Andrew Gozillon via Phabricator via cfe-commits Thu, 16 Mar 2023 17:01:43 -0700

agozillon added inline comments.


================
Comment at: clang/lib/Driver/ToolChains/Flang.cpp:128
+  if (IsHostOffloadingAction) {
+    for (size_t i = 1; i < Inputs.size(); ++i) {
+      if (Inputs[i].getType() != types::TY_Nothing)
----------------
awarzynski wrote:
> jhuber6 wrote:
> > agozillon wrote:
> > > jhuber6 wrote:
> > > > agozillon wrote:
> > > > > awarzynski wrote:
> > > > > > agozillon wrote:
> > > > > > > awarzynski wrote:
> > > > > > > > What's the magic "1"? And given that the input count matters 
> > > > > > > > here - is there a test with multiple inputs?
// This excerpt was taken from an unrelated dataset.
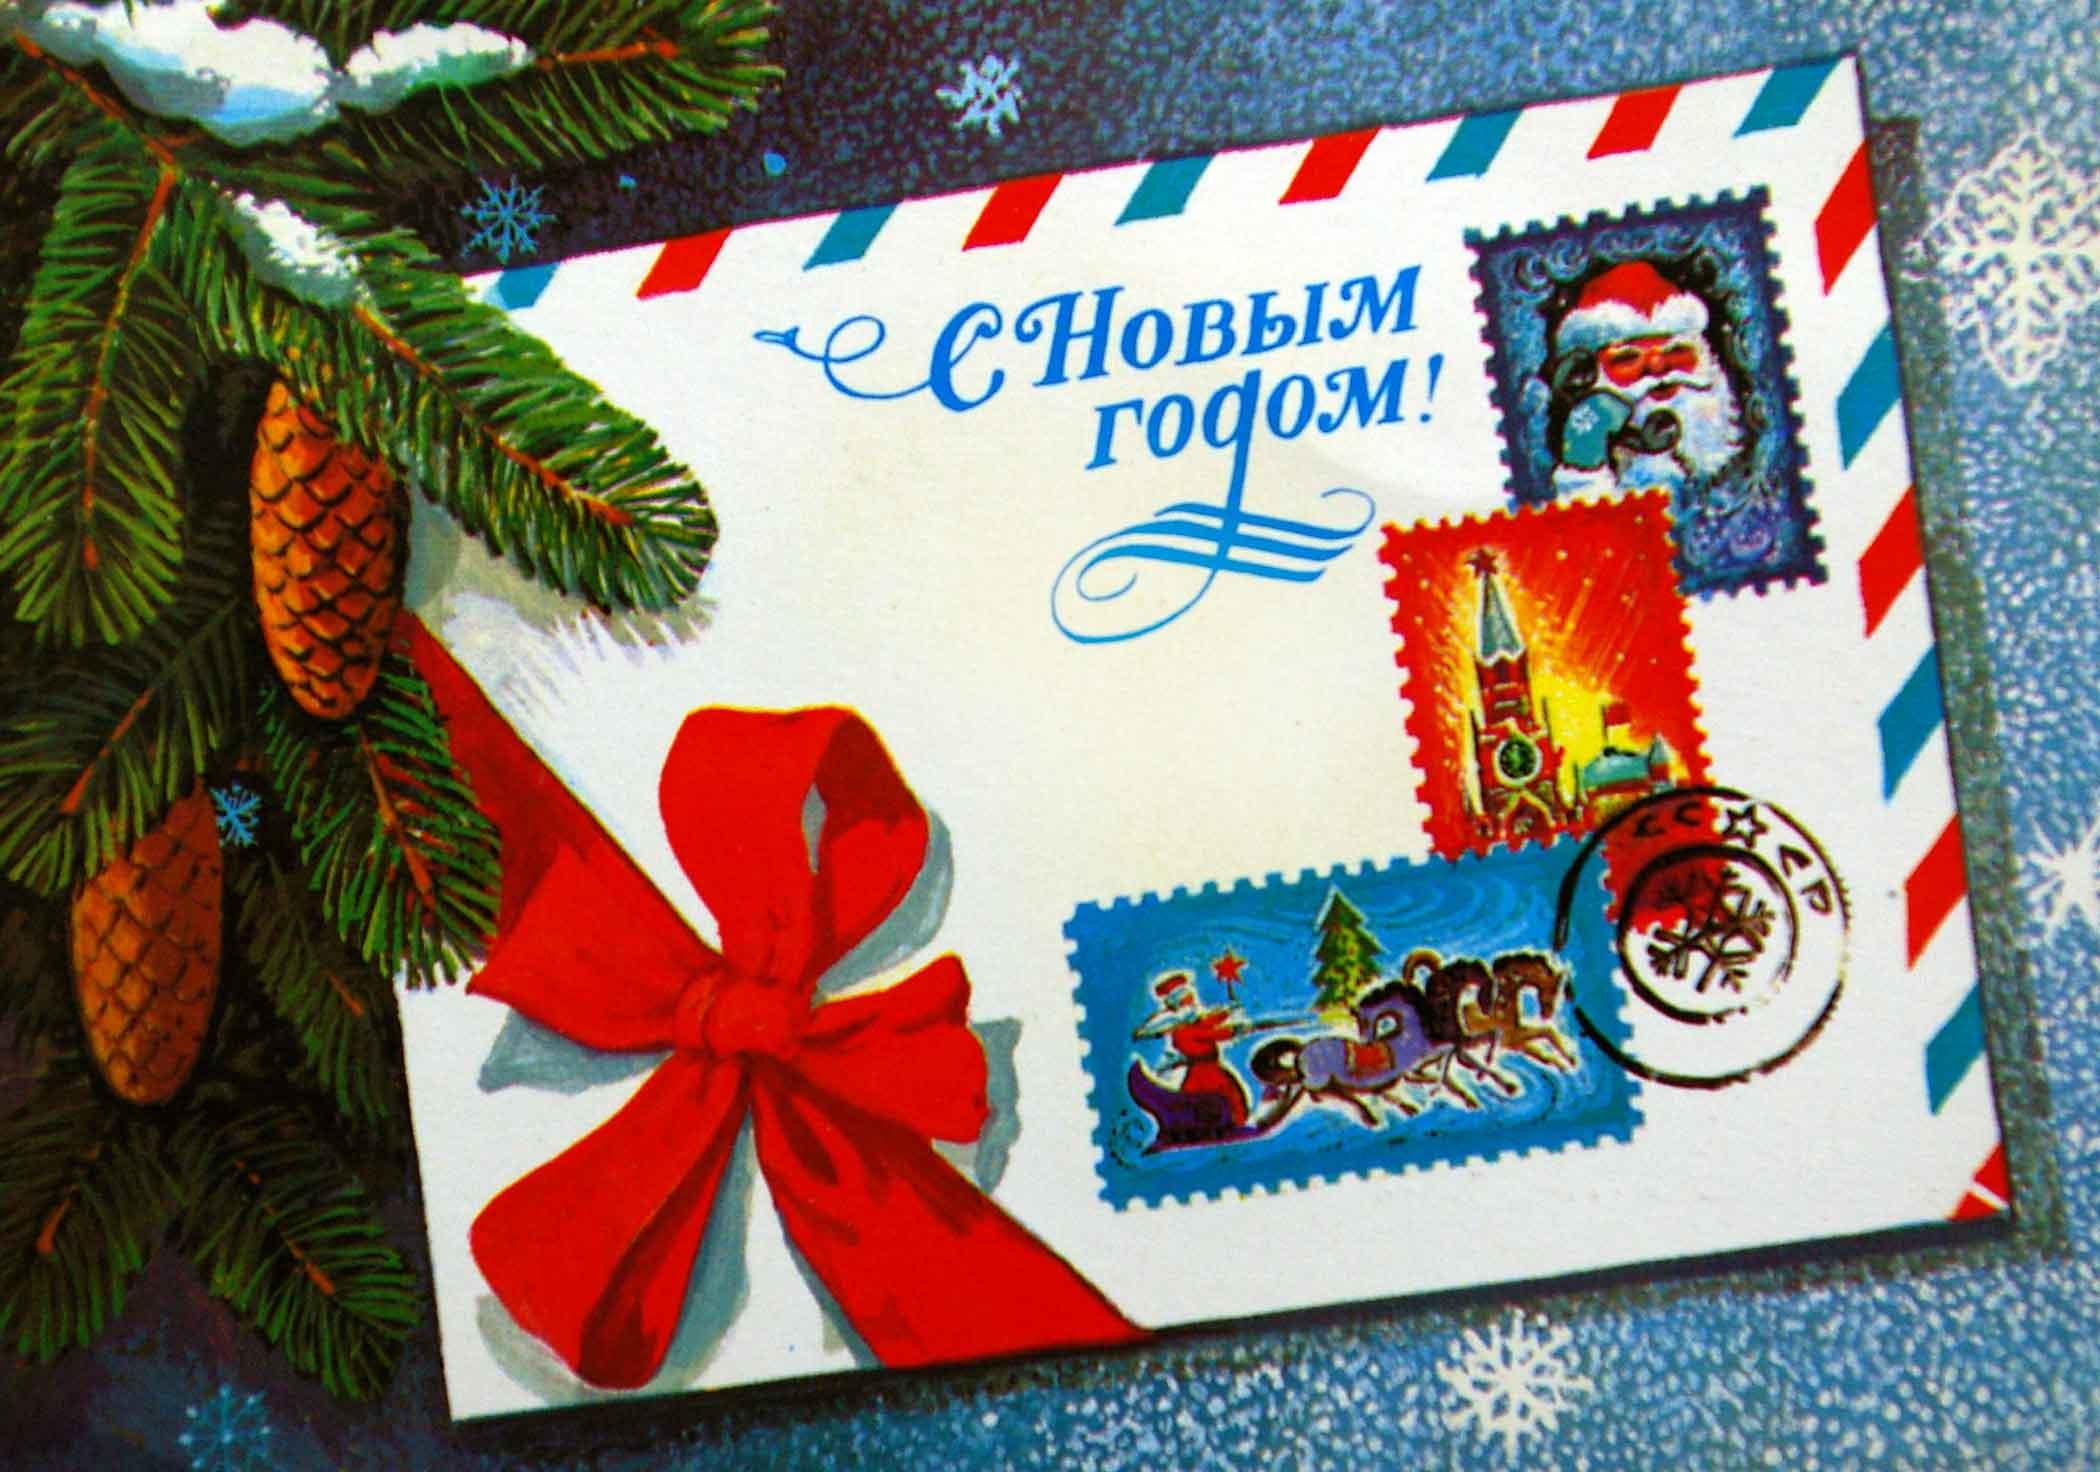 Почта россии поздравления новым годом

> > > > > > > It aims to mimic the behavior of Clang: 
> > > > > > > https://github.com/llvm/llvm-project/blob/main/clang/lib/Driver/ToolChains/Clang.cpp#L4561
> > > > > > >  where the main input is skipped (the input currently being 
> > > > > > > compiled or embedded into etc.), when adding to 
> > > > > > > //-fembed-offload-object//. 
> > > > > > > 
> > > > > > > It does look different to Clang's as Clang has more cases and the 
> > > > > > > logic is spread across the constructJob invocation, but the first 
> > > > > > > if case is what the if statement inside of the loop and setting 
> > > > > > > the loop index variable to 1 do. The HostOffloadingInputs array 
> > > > > > > is what is being generated here, except we're skipping and 
> > > > > > > directly applying it as arguments.
> > > > > > > 
> > > > > > > I tried to condense it a little in this case! Perhaps it loses 
> > > > > > > readability though, I had hoped the comment might have kept it 
> > > > > > > clear
> > > > > > Thanks for the link - that code in Clang doesn't really clarify 
> > > > > > what makes `Inputs[0]` special 🤔 . 
> > > > > > 
> > > > > > Let me rephrase my question - what's so special about the first 
> > > > > > input? (referred to in Clang as "main input") Is that something 
> > > > > > specific to OpenMP? For example, in this case:
> > > > > > ```
> > > > > > flang-new  -fopenmp  file.f90
> > > > > > ```
> > > > > > I assume that `inputs[0]` is "file.f90", so nothing will happen?
> > > > > > 
> > > > > > > I tried to condense it a little in this case! Perhaps it loses 
> > > > > > > readability though, I had hoped the comment might have kept it 
> > > > > > > clear
> > > > > > 
> > > > > > Nah, I think that your implementation is fine. It's my ignorance 
> > > > > > with respect to OpenMP that's the problem here ;-)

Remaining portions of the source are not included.